A keyframe transition with both ‘easy in’ and ‘ease out’ transitions was added.

These are probably the most common features you will use when working with keyframes in Premiere Pro. But as you noticed when you right-clicked on the keyframe, more options are available. These are keyframe properties. Let’s take a look at them below!

Premiere Pro Keyframe Properties Tutorial

By default, the keyframe is set to ‘linear,’ but cool things can happen as we play around with other keyframe properties. We will do a quick rundown of each:

Temporal Interpolation & Spatial Interpolation

First things first, when you right-click on a keyframe, a menu will appear, letting you select either ‘temporal interpolation’ or ‘spatial interpolation.’ Each of their drop-down menus looks virtually the same, so it’s easy to get confused.

The difference between these two is that Temporal interpolation deals with changes in an object’s time, while Spatial interpolation deals with changes in a layer’s path shape.

Temporal interpolation can be used to determine whether an object moves evenly or accelerates across a motion path. On the other hand, spatial interpolation is mainly used to determine whether the corners of the velocity graph should be rounded or angular.

If this sounds confusing to you, it’s understandable. The most important thing you need to know about these two is that Spatial interpolation creates the most realistic and natural movement. Sharp path points become more rounded, creating a smoother effect.

Both of these options will have a submenu where you can change the keyframes properties. You will have the following options; Linear, Beizer, Auto Beizer, Continous Beizer, and Hold.

Let’s take a look at each of these to understand them better.


This is the default setting for a keyframe; The ‘linear’ value means that the movement is continuous and is not accelerating or slowing down between keyframes. 

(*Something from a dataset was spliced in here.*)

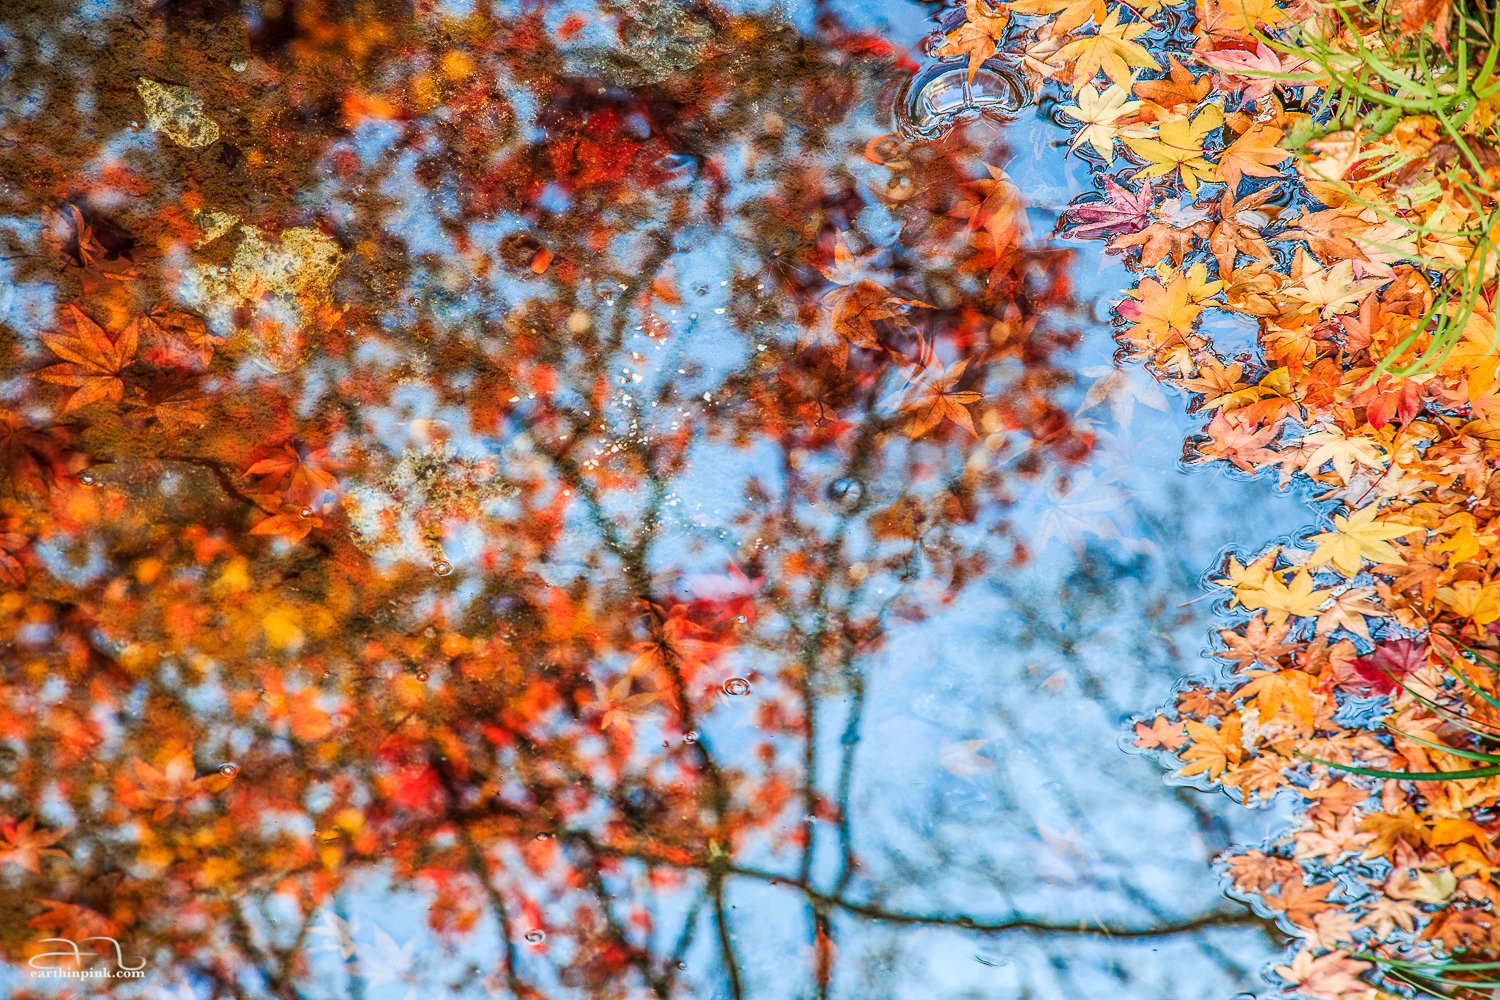 Some colorful maple-tree leaves are floating on the surface of a small stream, while others are submerged, and yet others from the tree above are reflected on the surface of the water.
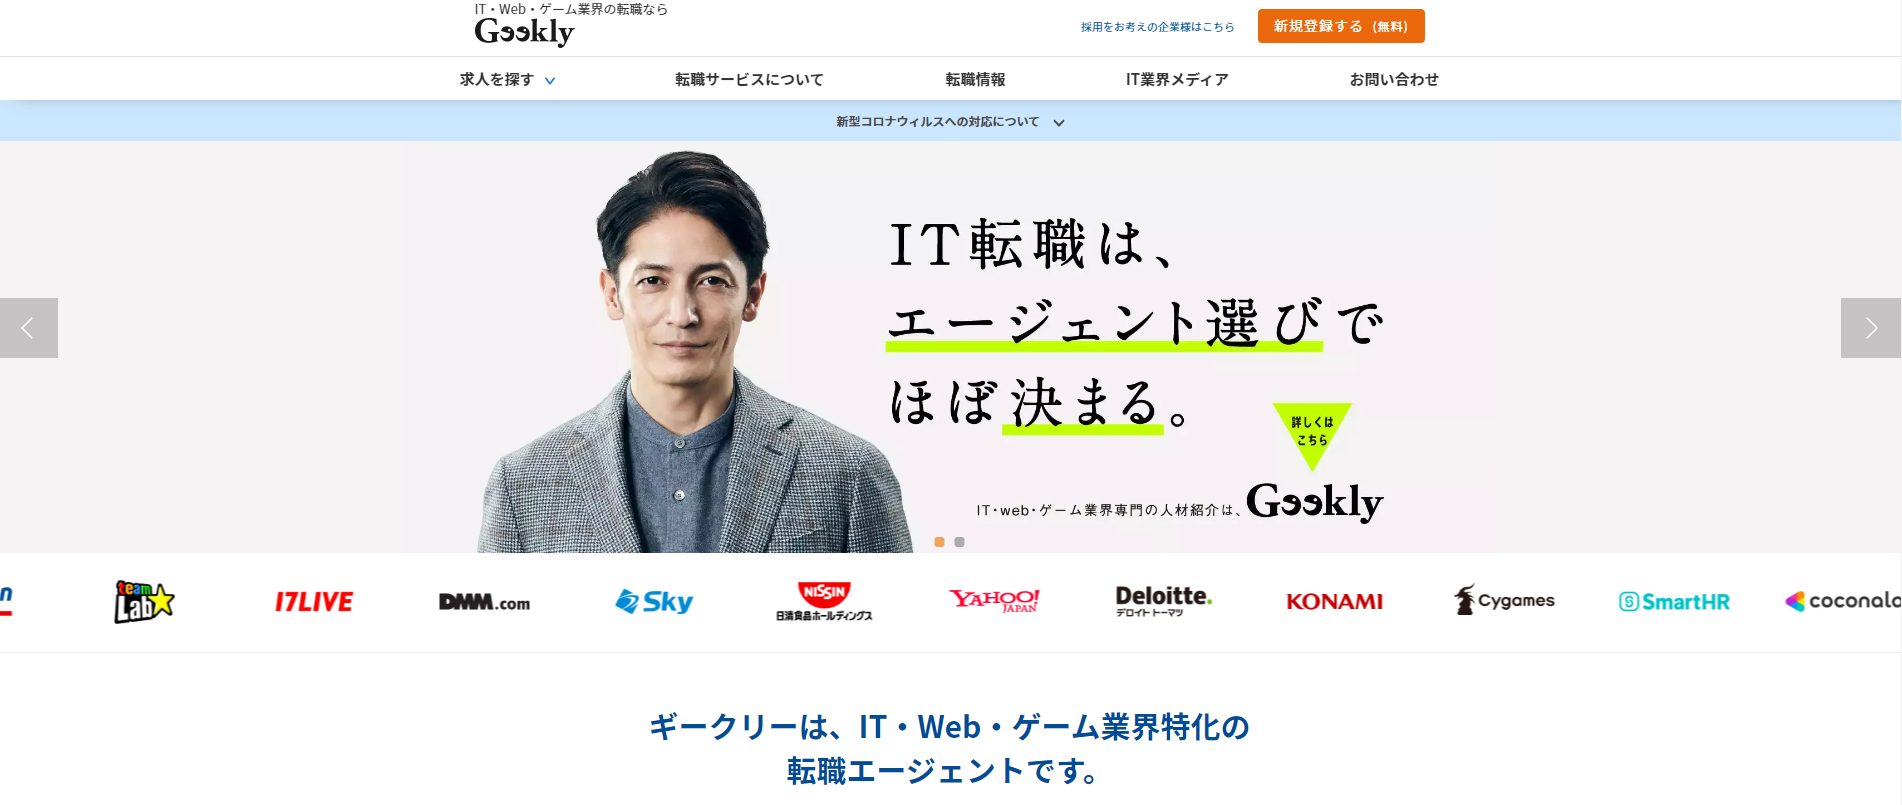 Geekly　公式

Bezier lets you adjust the shape of the graph manually on either side of the keyframe. You can achieve very smooth changes with this method.

Auto Bezier

As the name suggests, this property automatically creates a smooth rate of change through a keyframe. It can be used to create smooth transitions between keyframes.

Continuous Bezier

Similar to ‘Auto Bezier’ but with a critical difference, ‘Continous Beizer’ lets you adjust the direction handles manually.


The ‘hold’ property is the opposite of the ‘ease out’ effect. In simple terms; This keyframe holds the current value until the next keyframe. The value will remain the same until it snaps to the next keyframe. 

Working With Audio Keyframes

A common use of keyframes in Premiere Pro is for adjusting audio levels.

When working with audio keyframes, you will mostly want to work with ‘Spatial interpolation’> ‘Continuous bezier.’ This property creates smooth transitions in the audio between the volume levels.

In Conclusion

Hopefully, you found this Premiere Pro keyframes tutorial helpful! For further reading, we recommend Adobe’s instruction page on keyframes.

If you want to learn more about video editing, and working with Premiere Pro, check out more of our editing articles.

To summarize, keyframes allow you to create transitions and changes in values over time to a clip. They are a fundamental building block when editing in premiere pro, and because they can be applied to any effect or adjustment in Premiere, the possibilities are endless.